[Entries shown]

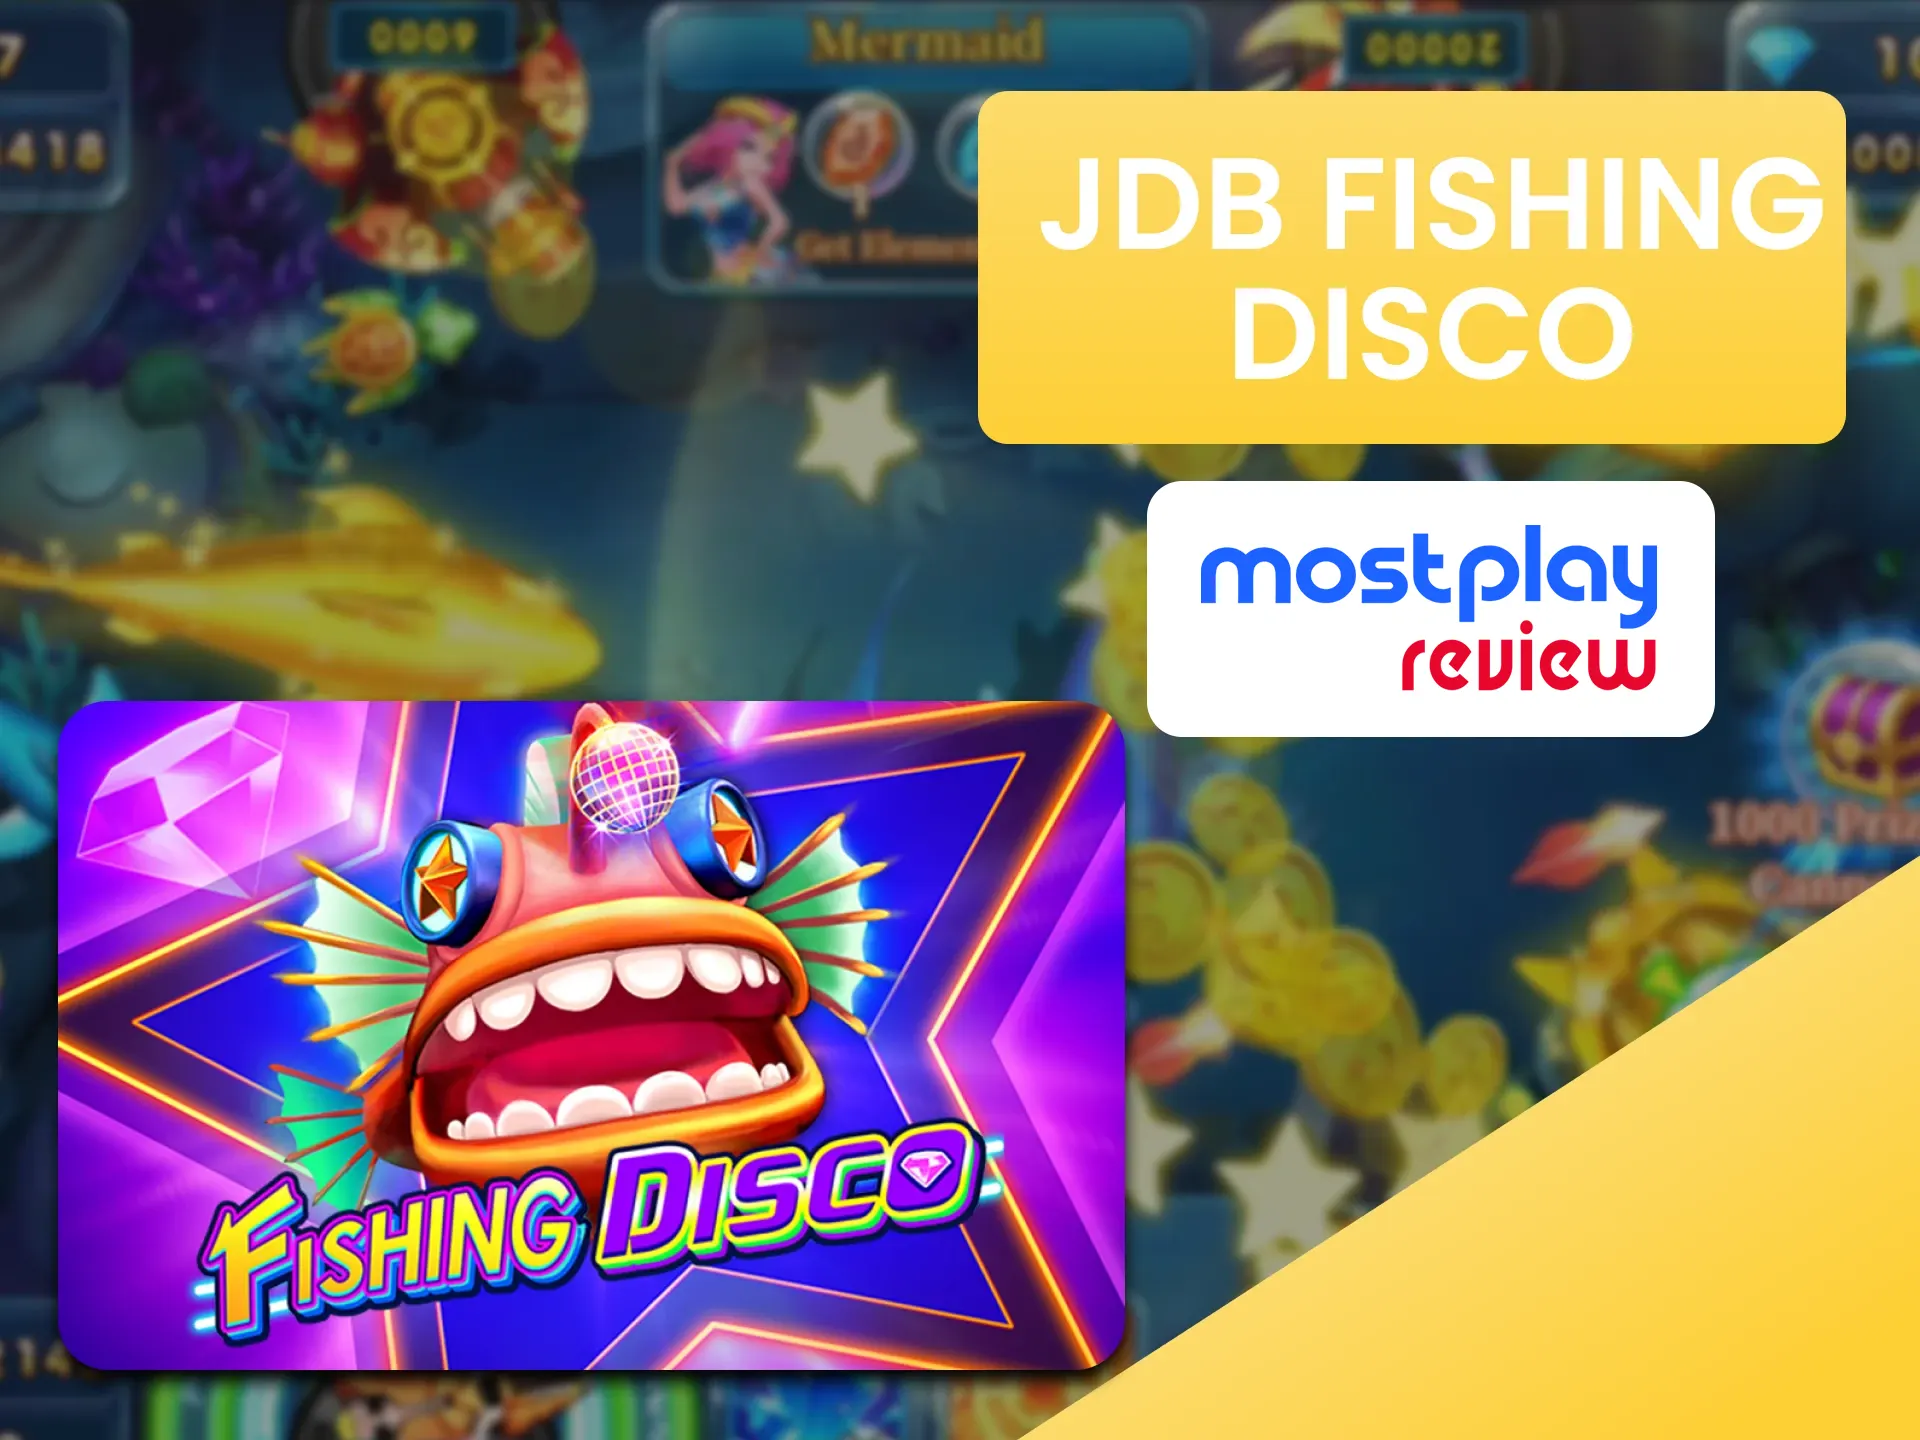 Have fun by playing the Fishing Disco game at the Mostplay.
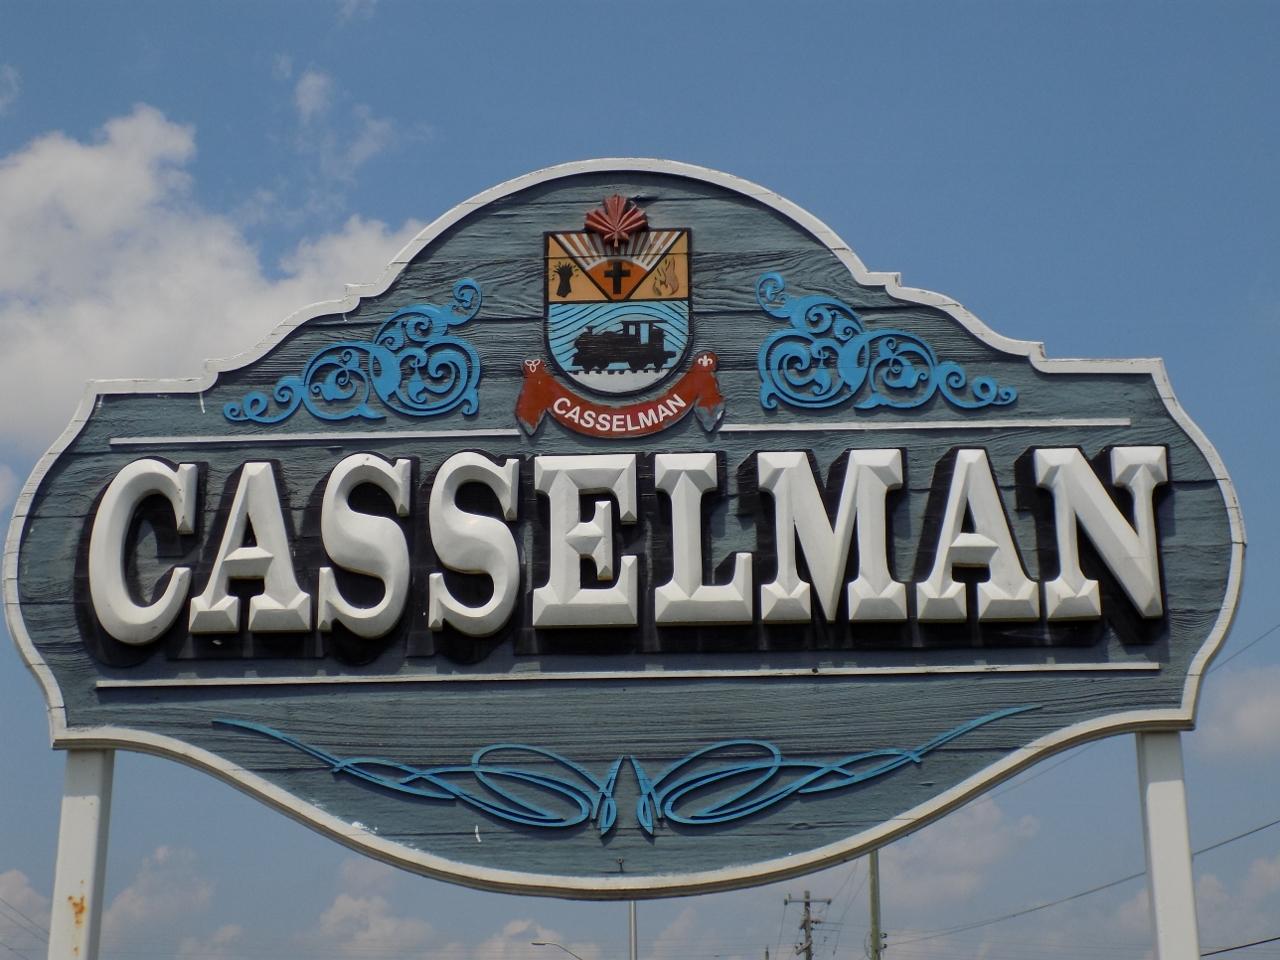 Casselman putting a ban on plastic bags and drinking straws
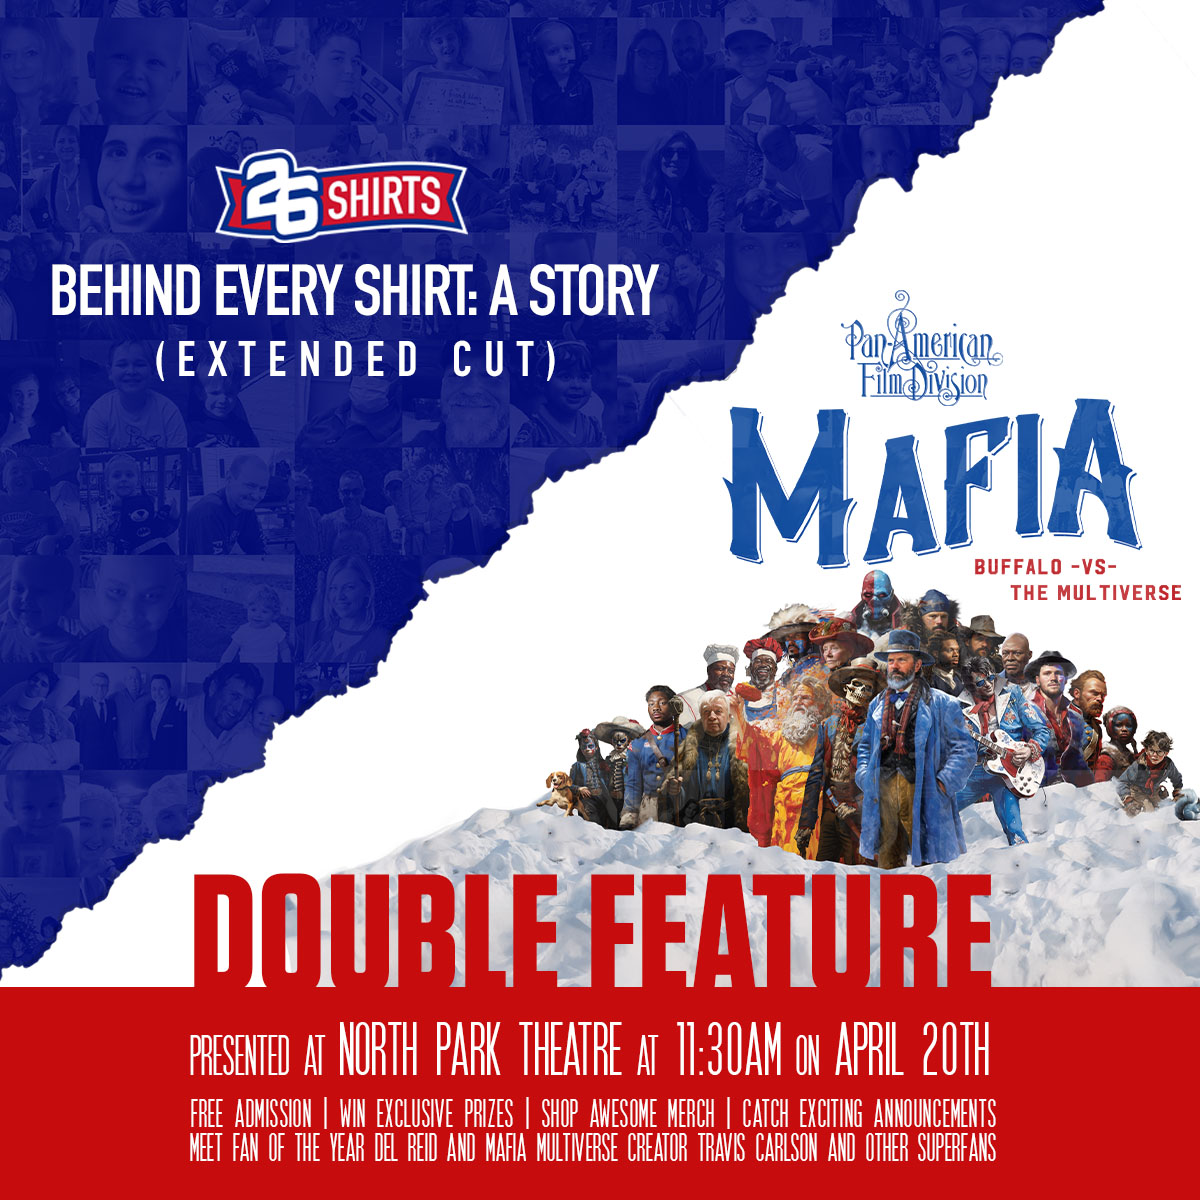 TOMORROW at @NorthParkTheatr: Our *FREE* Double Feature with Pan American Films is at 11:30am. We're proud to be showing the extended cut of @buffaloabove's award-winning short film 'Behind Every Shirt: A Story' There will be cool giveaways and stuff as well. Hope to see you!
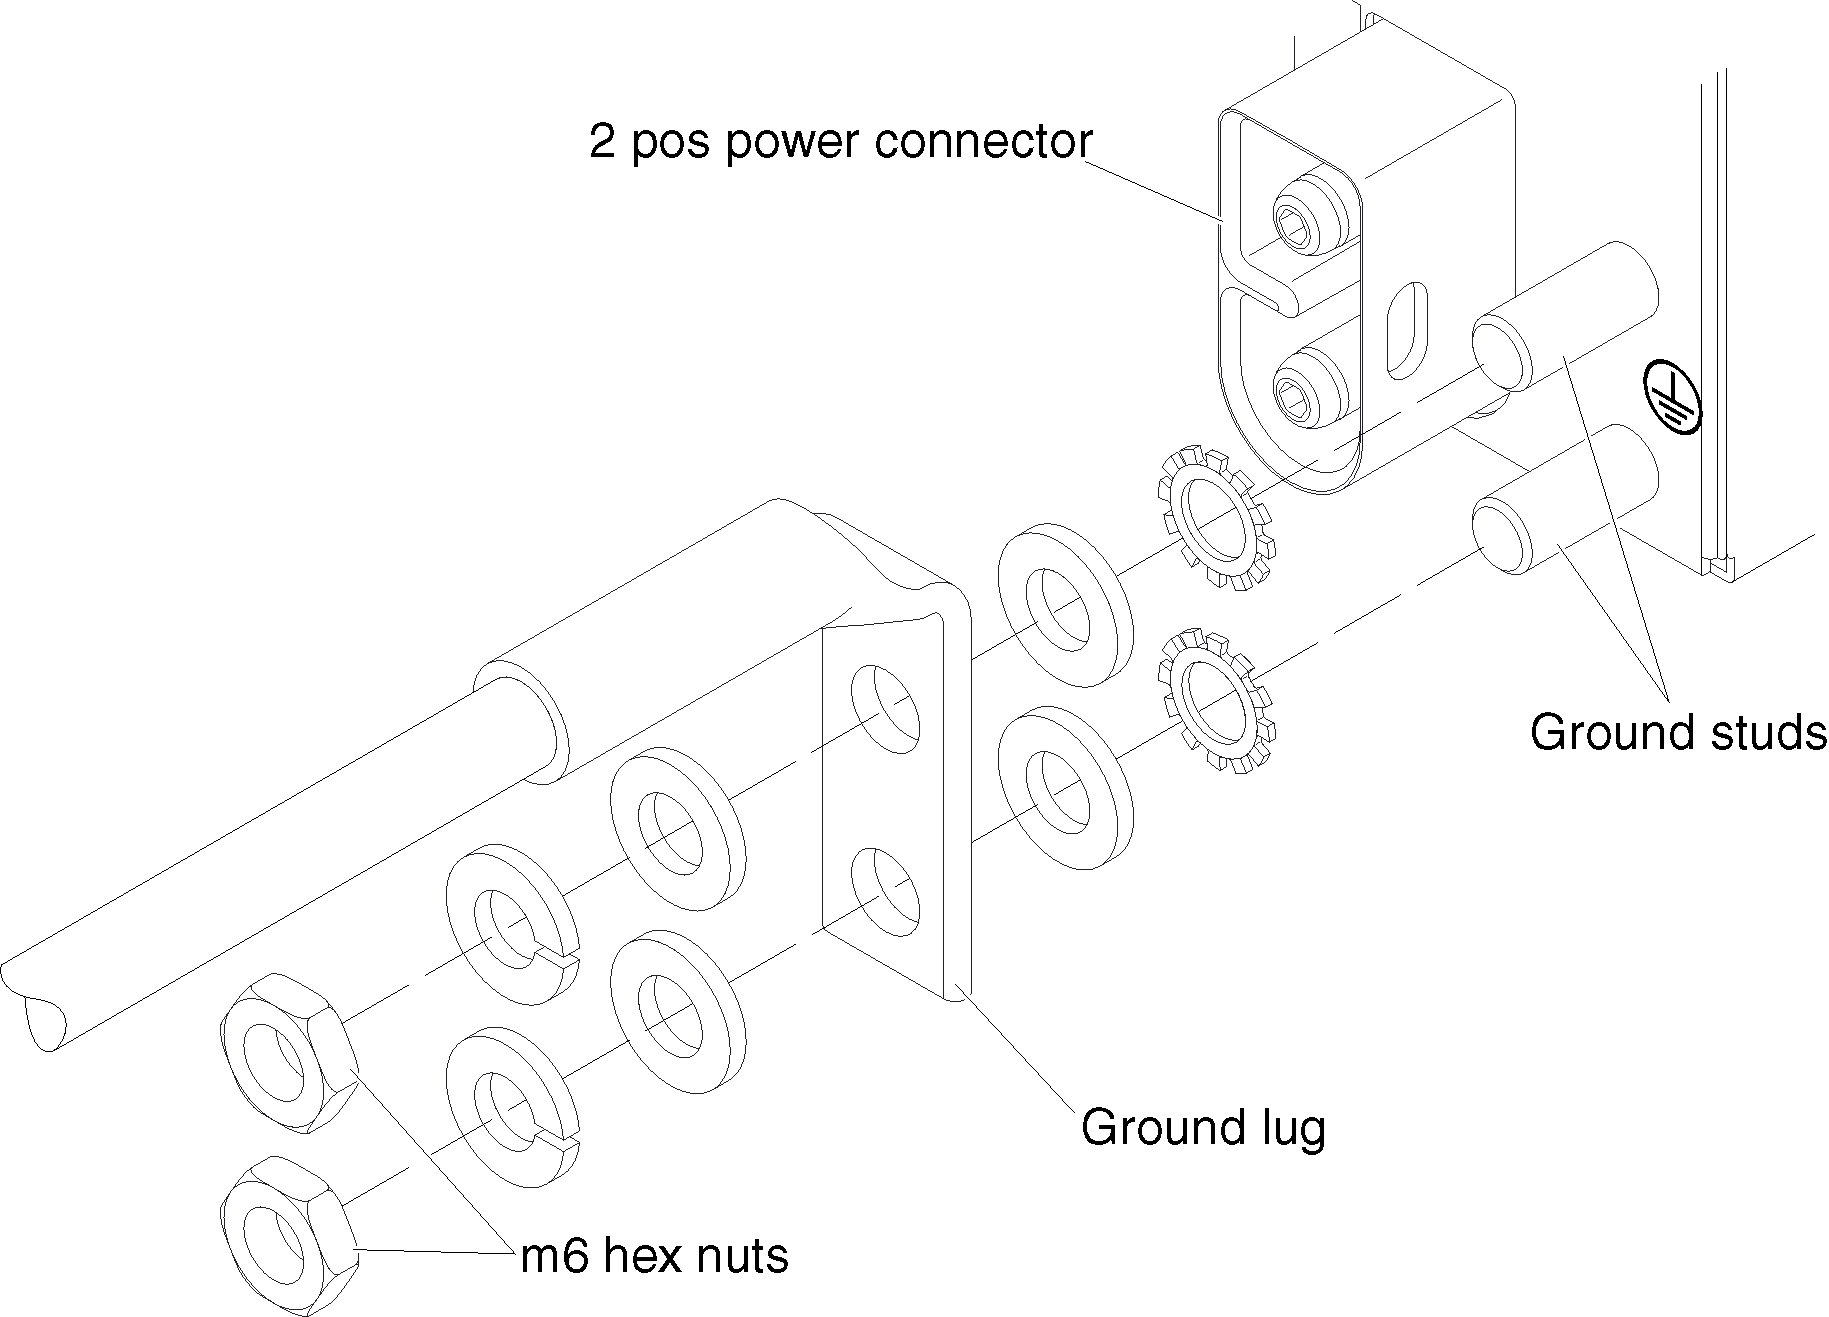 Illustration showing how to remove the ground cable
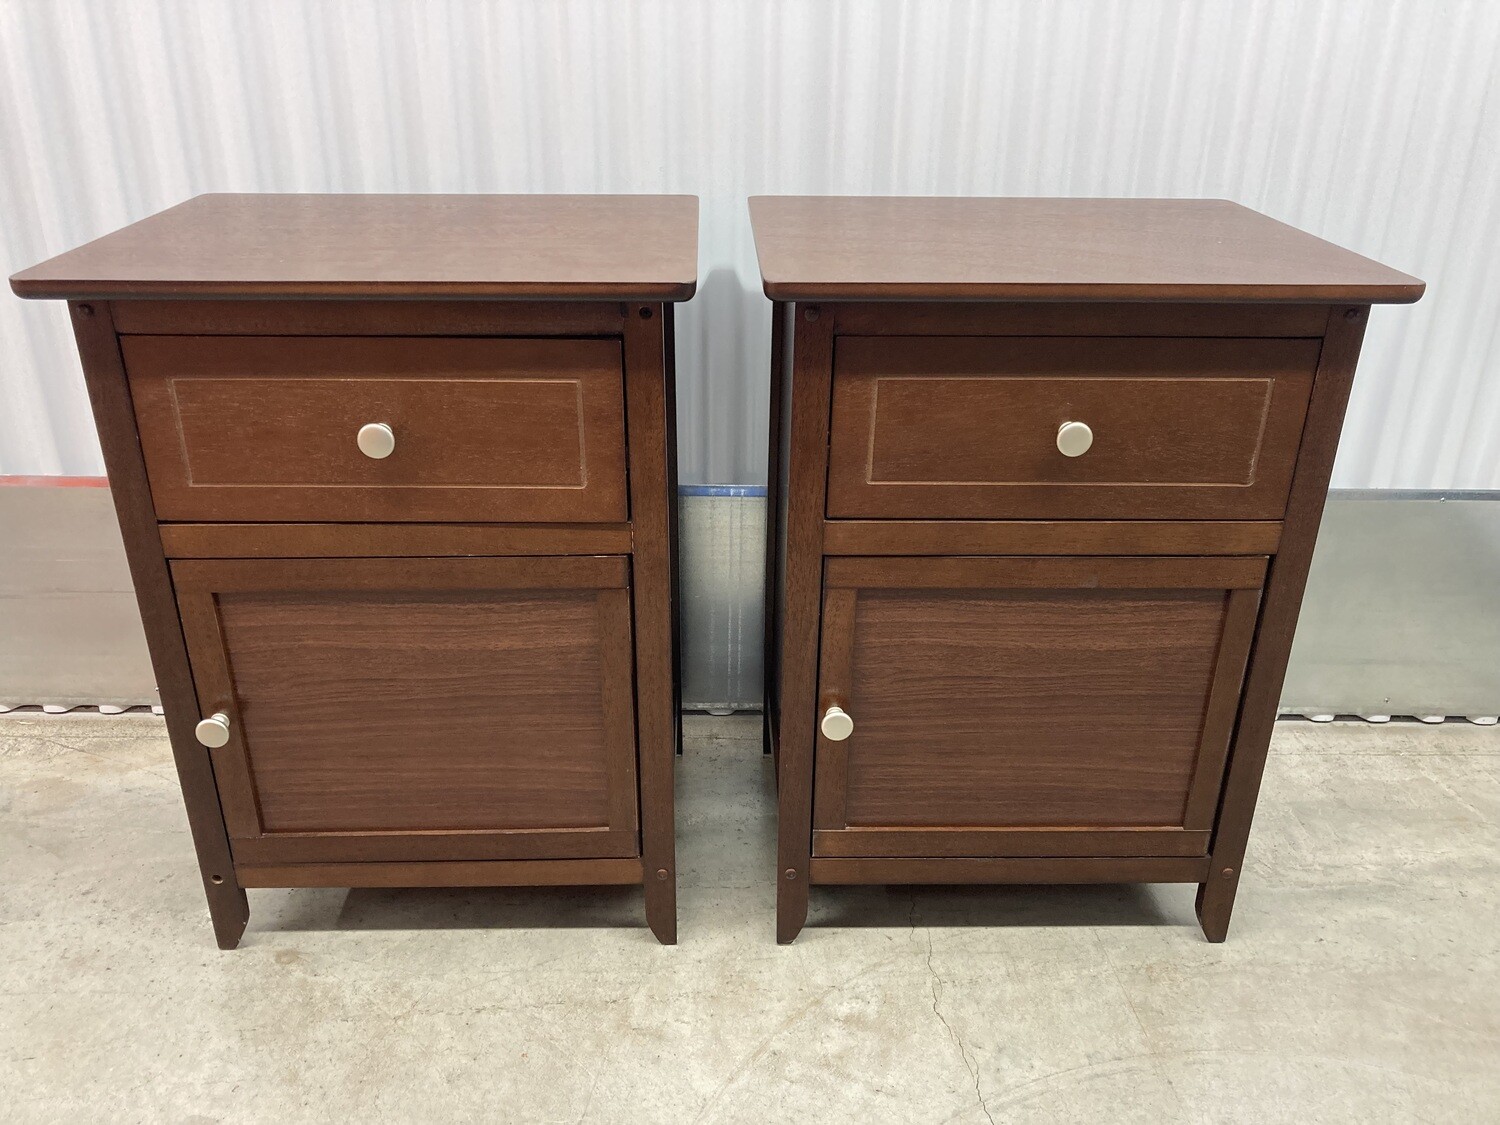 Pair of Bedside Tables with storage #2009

[/Entries shown]

● **Problem**
Reproduce the listing verbatim, and keep the pictures out of the copy.

● **Response for this exercise**
 Have fun by playing the Fishing Disco game at the Mostplay.
 Casselman putting a ban on plastic bags and drinking straws
 TOMORROW at @NorthParkTheatr: Our *FREE* Double Feature with Pan American Films is at 11:30am. We're proud to be showing the extended cut of @buffaloabove's award-winning short film 'Behind Every Shirt: A Story' There will be cool giveaways and stuff as well. Hope to see you!
 Illustration showing how to remove the ground cable
 Pair of Bedside Tables with storage #2009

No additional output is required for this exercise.